*Disclaimer: I do not own Final Fantasy 9, or its characters.

Chapter 2

Quina, the Food Bandit

Zidane and Garnet just got out of school. They were finally going out; they soon became a popular couple. They loved each other with a love that never dwindled, as they walked together and got on one of the school buses. They sat next to each other in one seat, and talked tenderly to each other. No one disturbed them.

As the bus reached their stop, they gathered up their belongings. Garnet grabbed her chocobo satchel hurriedly, while Zidane snatched his backpack depicting Bahamut from off the seat.

They exited the bus, and the doors closed behind them, no other students following after them. This was their own bus stop. They began to walk down the sidewalk, holding hands, sauntering to Zidane's house.

"Is your mother home today, Zidane?" Garnet asked.

"No, she's out trying to find a job again," he said.

They turned the corner and started walking down Zidane's street.

"So, Zidane, why don't we....."

Their conversation was abruptly interrupted. Out of the sky, like a giant meteor, came Quina, the food monstrosity. She crashed to the earth, and at once, grabbed Garnet, holding her like a hostage.

"Garnet!"

Garnet tried to squirm out, but it proved to be no use. Quina's massively lard-packed fat arms locked her in mercilessly.

"Zidane, help!"

"Let her go!"

Zidane punched Quina in the stomach, but it was futile. The blow was easily absorbed by incredible fat.

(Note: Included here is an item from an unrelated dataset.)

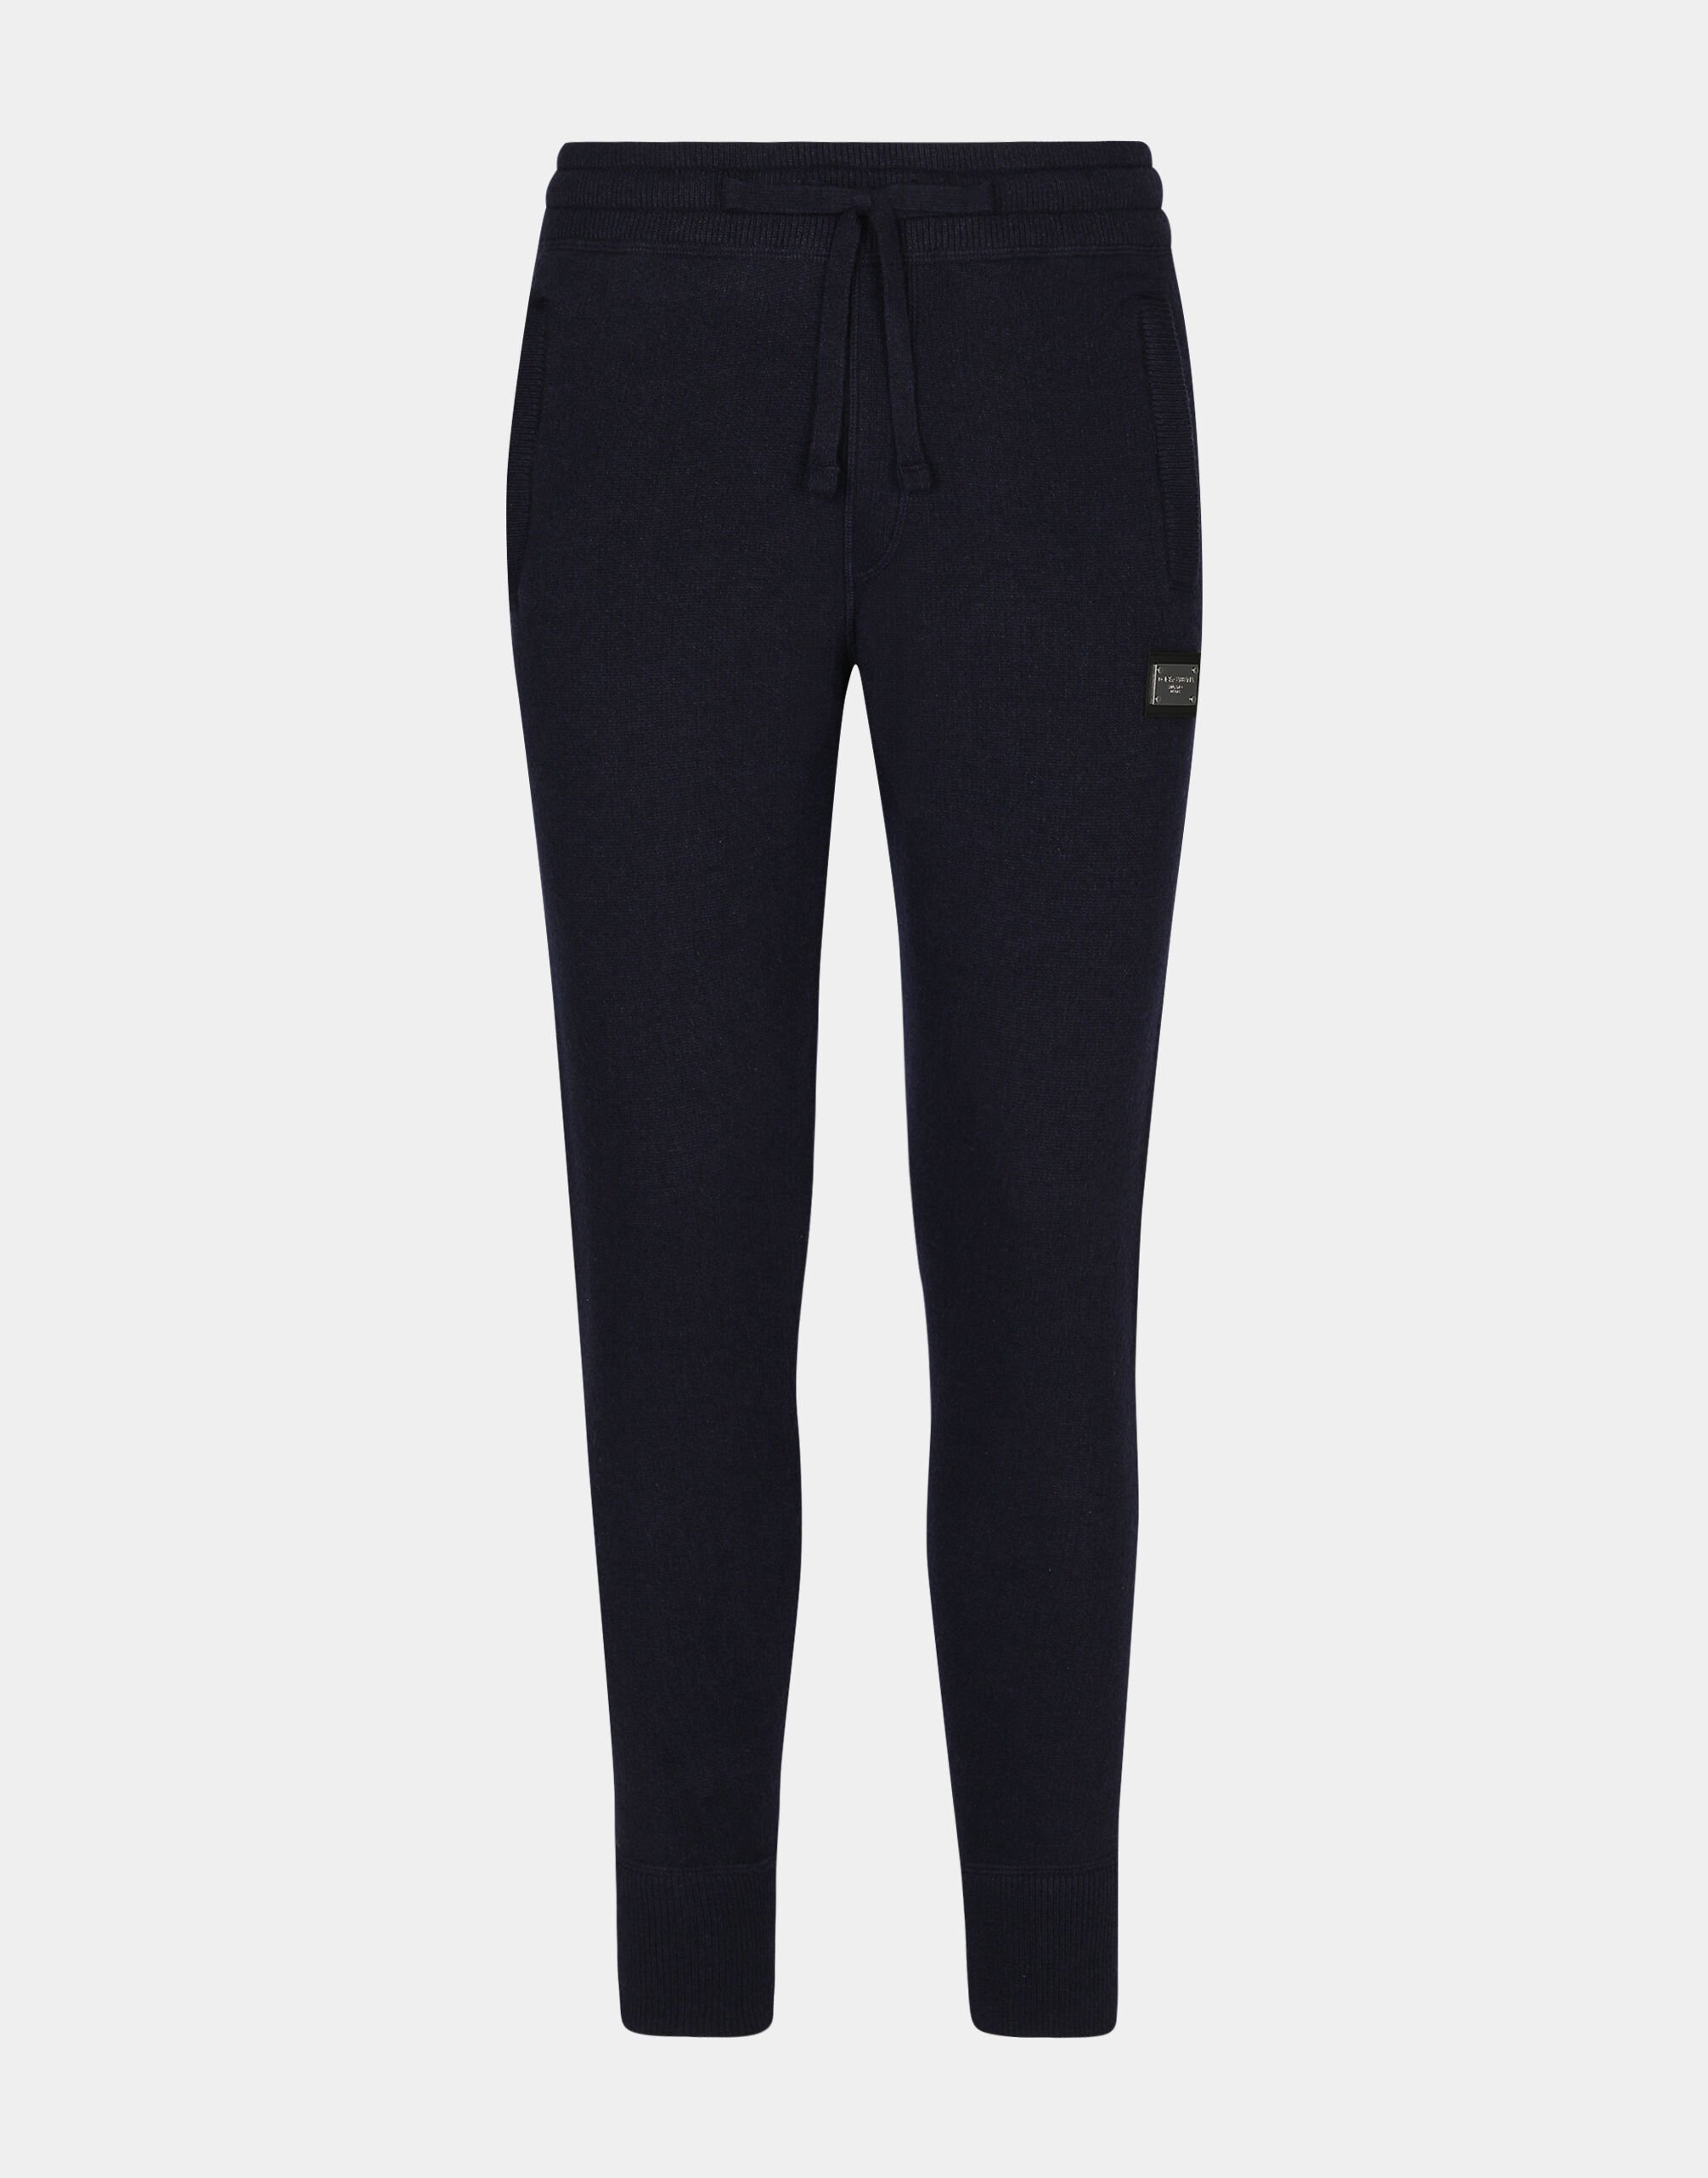 Dolce & Gabbana Wool and cashmere knit jogging pants Grey GXP80TJFMK7

"Why you struggle? Quina just wants food! You have food?" the gourmand thundered.

"No, let me go!"

"Give me food!"

Zidane jumped atop Quina's head and began slapping it.

"Monkey?" Quina wondered stupidly, while examining Zidane's tail.

Zidane slammed his fist into Quina's face.

"Ow!"

Quina dropped the helpless Garnet.

"FOOD!" she cried in confusion, holding her huge face, while her multiple chins swung in the wind.

"Come on, Garnet! RUN!" Zidane screamed in a panic, grabbing her hand hastily.

They ran down the street, as Quina stood staggering, grasping her obese face.

"That must be Quina, the Food Bandit!" Garnet cried. "She, or he, or is it a she? Anyway, it's a dangerous wanted criminal! I saw it on the news the other day!"

Quina yelped loudly in pain.

"Ouch! Hurt bad!"

Suddenly, his/her stomach began to rumble. He/she clutched it. (That's it! From now on, Quina is a she! It's just too annoying to keep putting he/she.)

"What this now?"

Abruptly, the gurgling sound rose and increased, causing Quina, whom is now a she, to expel the strange object from her mouth. It was Eiko.

"Ah! There's nothing quite like the smell of putrid regurgitation on a fresh, crisp afternoon!" Eiko said, completely drenched in Quina's noxious bodily junk food fluids.

"Ah! That much better!" Quina said. "But what a waste of good food!"

Quina recovered, and finally took notice of Zidane and Garnet's fleeing.

"Quina want food! Like Limburger cheese, or eggplant parmesan, or spicy sausage, or chicken fajitas, or broccoli and cheese soup, or corned beef hash, or tuna tartar, or black licorice, or honey-baked ham, or food!"

Quina transformed into a giant bowling ball, and began to roll down the street, as powerful as a steamroller, in an attempt to crush the two. They ran as fast as they could, with Quina slowly gaining on them.

"Zidane, quick! Get the key out! Your house is right there!"

Zidane fumbled for the keys, searching his pockets. He finally found them, as they approached his house.

"Quick! Let's get in, Garnet!"

As they approached the front door, they noticed an unusual silence. They turned around, and saw that no one was in sight. Nobody running, nor rolling.

"Hm. Strange. How could something that massive disappear just like that?"

Zidane put in the key, turned the doorknob, and opened the door. They gasped when they saw someone standing there unexpectedly, in the doorway.